Pension package 2025 to secure retirement provision

In parallel to these proposals, the Federal Cabinet, led by Federal Labor Minister Bärbel Bas, approved the 2025 pension package. This package sends a clear message to all generations: “Pensions remain stable and fair.” A key point of the bill is the extension of the holding line for the pension level until 2031. This specifically means that the pension level should be kept stable at 48 percent until 2031, which is of crucial importance for many people in old age, as the statutory pension often represents the main income.

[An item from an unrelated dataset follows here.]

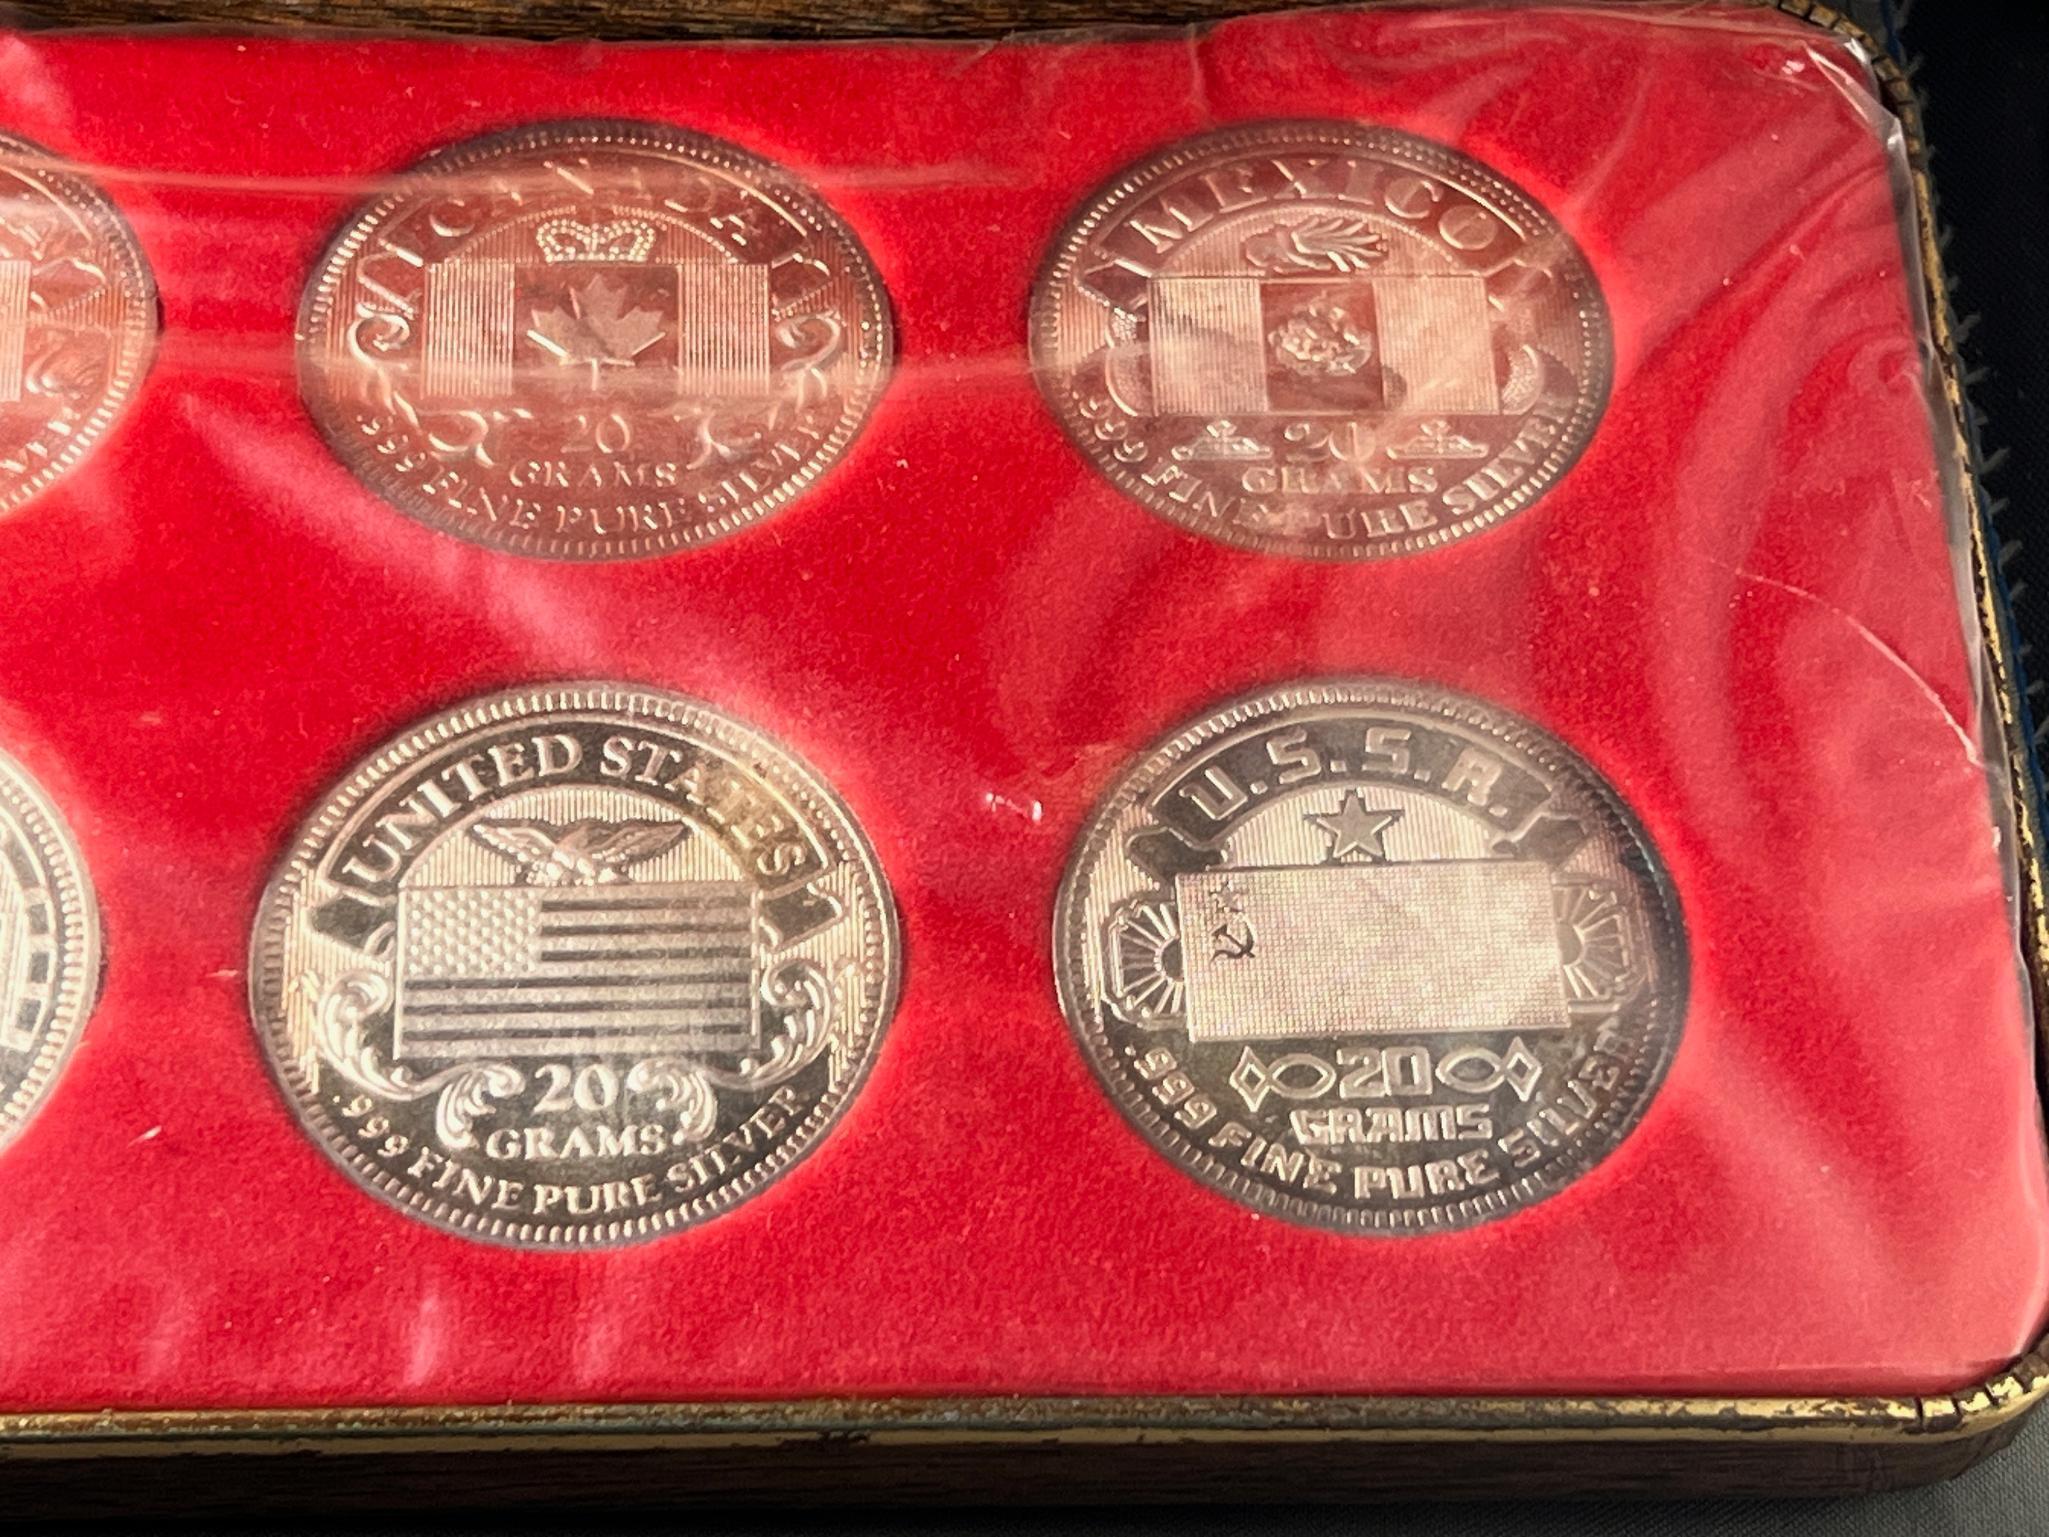 The Silver Mint Nation Set, each coin is 20 grams of .999 pure silver

Another important aspect is the full implementation of the mother's pension III, which closes an existing gap in justice by recognizing three years of child-rearing time for children born before 1992. This measure contributes not only to the stability of the pension system, but also to equality, which is fundamental in a changing society. In addition, it is made easier for people who have reached the standard retirement age to return to employers, so that they can continue to work voluntarily.

The next steps and their meaning

According to the Federal Cabinet's wishes, the implementation of these measures should be completed by the end of the year. Mother's pension III is planned for January 1, 2027, with the possibility of retroactive payments. The financing of these additional services amounts to around five billion euros per year, which is to be raised from tax revenue. Increasing the lower limit of the sustainability reserve from 0.2 to 0.3 monthly expenses also plays a role in securing future pension adjustments. The sustainability factor in the pension adjustment formula will be suspended until 2031, resulting in higher pension adjustments.

All of these measures together are intended to strengthen confidence in the stability and performance of the statutory pension insurance after 2031. It remains to be seen how the political debates about pension reform will go and what influence these proposals will have on the realities of life for people in Germany. The coming months promise to be exciting, both in terms of pension policy and the discussion about raising the retirement age.